Он взглянул на неё и прочёл в её глазах желание слушать ещё и ещё.

– Когда смешиваешь краски на холсте – или даже на листе бумаги – и из пустоты получается новый живой мир, чувствуешь себя немножко Богом. Потому что создаешь из ничего красоту. Это непередаваемые чувства. И даже если просто рисуешь с натуры, какой-нибудь костёл в центре Европы, который простоял уже тысячу лет, и был сфотографирован миллион раз с тысячи разных ракурсов – всё равно создаешь новое. Потому что картины – это живое и тёплое искусство, которое всегда передаёт настроение художника. Ни одна картина не является механическим отпечатком местности. Это всегда новое произведение, даже если каждый день рисовать одно и тоже…

– Вы тоже художник? – удивилась Нина.

– Ну, художник громко сказано. Но я рисую. Правда только карандашом. Краски для меня пока роскошь. И я никогда не рисую по памяти. Мне нравится рисовать то, что я еще ни разу не видел. Я представляю, что однажды выйду и поеду путешествовать по всем тем местам, которые нарисовал исходя из своих представлений. В общем… мои рисунки – это для меня путеводитель по будущему.

– А покажете? – Нине вдруг стало интересно, что рисует этот скромный интеллигентный мужчина, с которым она до этого разговора и десяти слов не сказала.

– Хорошо, – он смущенно улыбнулся, и она вдруг увидела, что это совсем молодой парень, лет на пять всего старше, чем она сама.

С того дня у них появился общий секрет. Они обменивались мнениями, обсуждали картины, давали советы друг другу и иногда даже рисовали вместе. Нина начинала рисунок по памяти, а Андрей добавлял в него какие-то объекты совсем из другой местности. Получались совершенно необыкновенные пейзажи, которые удивляли всех, кто их видел.

До освобождения Андрея оставалось чуть больше полгода…

***

Когда и в какой момент они стали близки было неясно им самим. Это произошло неожиданно и настолько естественно, что оба восприняли эти новые отношения как подарок судьбы. Их роднило всё, и общий интерес к живописи только укреплял все те ниточки, которые тянулись от одной души к другой. Когда до освобождения Андрея осталось чуть меньше недели, Нина сама предложила ему уехать вместе.

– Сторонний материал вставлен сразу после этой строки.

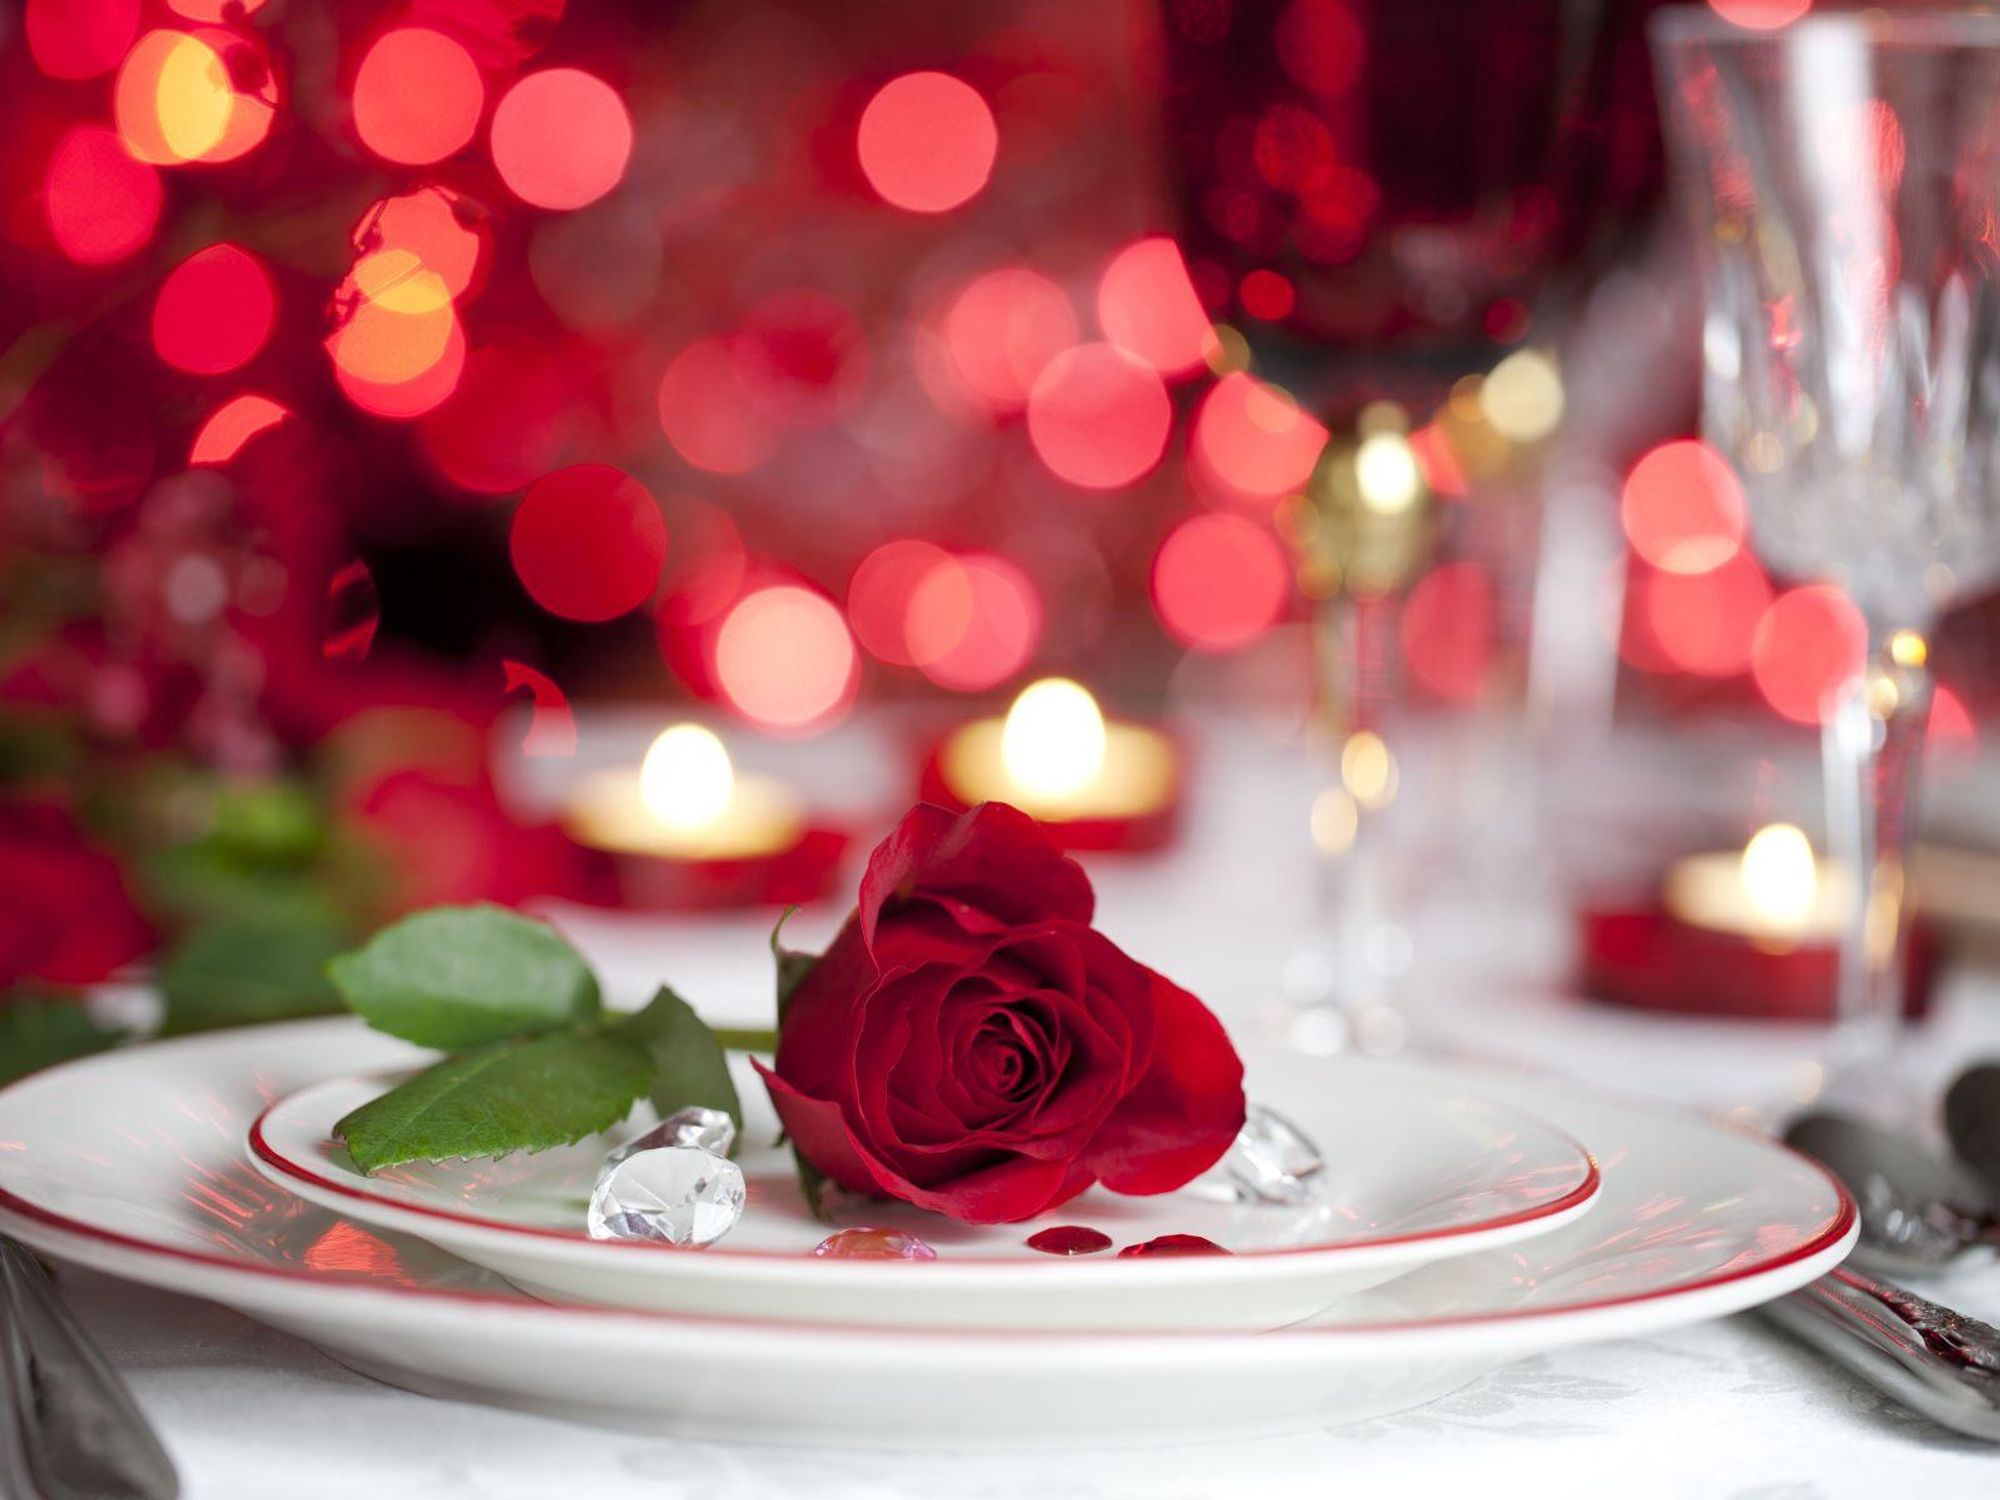 The best Fort Worth restaurants to celebrate Valentine's Day 2023

И не сказать, что выбор для неё был простым, но она вдруг поняла, что быть собой и заниматься любимым делом рядом с родственной душой – это счастье, от которого она уже не в силах отказаться. Предыдущие несколько лет виделась куском беспросветного серого тумана, в который её погрузили помимо её воли и который так долго выдавал себя за «нормальную и успешную жизнь» как у всех.

И вот они вместе, в одной машине, свободные и вольные как ветер!

От внезапно нахлынувшей эйфории хотелось смеяться и дурачится.

– Зайдем в кафе? – спросил Андрей, – перекусим чего-нибудь. Мне зарплату за год выдали, я ж не тратил. Могу угостить тебя шикарным обедом!

Ирина засмеялась, и они пошли в кафе, держась за руки.

***

Буфетчица, забиравшая пустые тарелки с соседнего стола, невольно залюбовалась этой парочкой. Удивительно красивая девушка и улыбчивый мужчина негромко разговаривали, поглаживая друг другу руки. Перед ними стояли чашки с чаем, который уже, надо сказать, подостыл. Вдруг девушка вскочила на ноги, громко отодвинув стул.

– Смотри, там Игорь! – сказала она спутнику, указывая в окно. – Боже, я так не хотела этих разборок! Как он нашел нас?